Required work: All of the listing is to be written out word for word, with the pictures left out.

Data below:
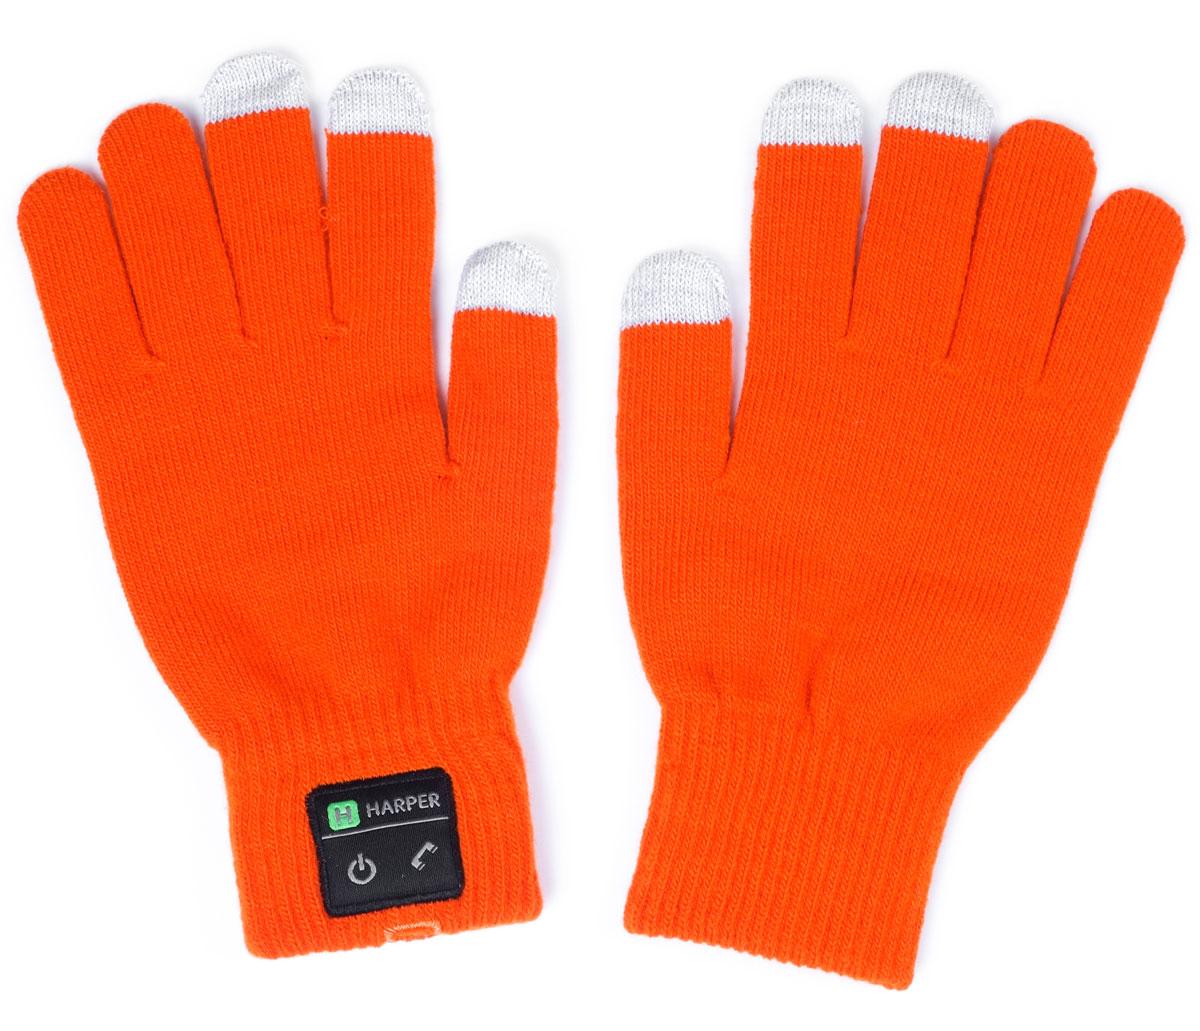 Harper HB-503, Orange перчатки с Bluetooth-гарнитуройH00000923Перчатки Harper HB-503 с Bluetooth-гарнитурой. В основе используется качественный материал, состоящий из акрила - 84%, спандекса - 10%, полиэстра - 6%. Аккуратная пряжа, шерсть не раздражает руки, без посторонних запахов. Неплохо согревают в зимнее время. В перчатках можно управлять устройством, не снимая их. Динамик расположен в большом пальце левой перчатки, а микрофон в мизинце. Модуль с двумя механическими кнопками (включение и ответ на вызов) находится на боковой части. Для того чтобы не пропустить входящий вызов, в конструкции корпуса предусмотрена вибрация.Размер: L
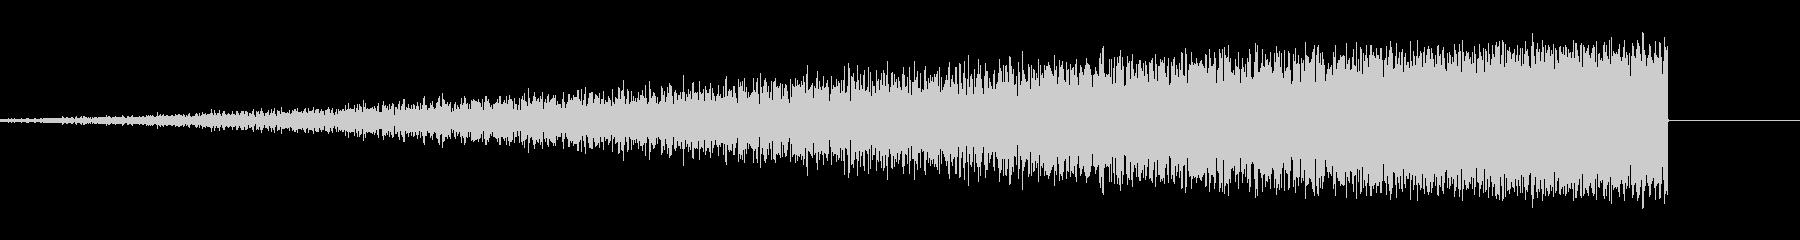 不安を煽る上昇音1の未再生の波形
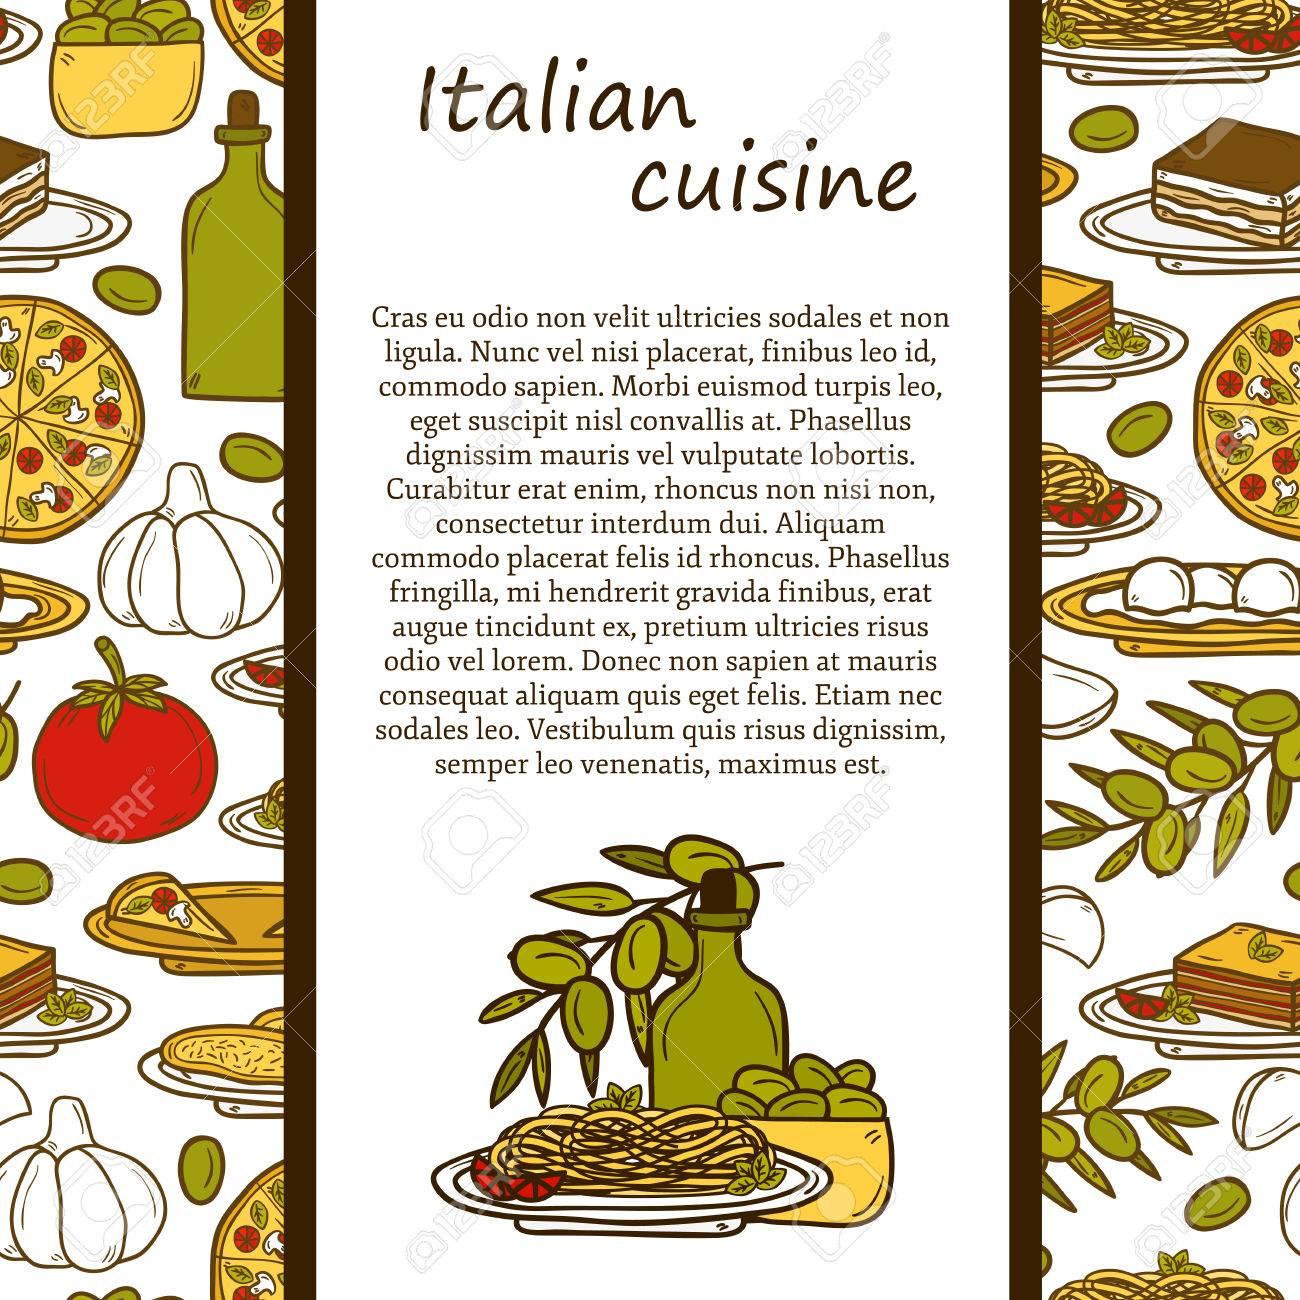 Concetto Di Cucina Italiana Con Oggetti Carino Cartoni Animati ...

Answer to the exercise:
 Harper HB-503, Orange перчатки с Bluetooth-гарнитуройH00000923Перчатки Harper HB-503 с Bluetooth-гарнитурой. В основе используется качественный материал, состоящий из акрила - 84%, спандекса - 10%, полиэстра - 6%. Аккуратная пряжа, шерсть не раздражает руки, без посторонних запахов. Неплохо согревают в зимнее время. В перчатках можно управлять устройством, не снимая их. Динамик расположен в большом пальце левой перчатки, а микрофон в мизинце. Модуль с двумя механическими кнопками (включение и ответ на вызов) находится на боковой части. Для того чтобы не пропустить входящий вызов, в конструкции корпуса предусмотрена вибрация.Размер: L
 不安を煽る上昇音1の未再生の波形
 Concetto Di Cucina Italiana Con Oggetti Carino Cartoni Animati ...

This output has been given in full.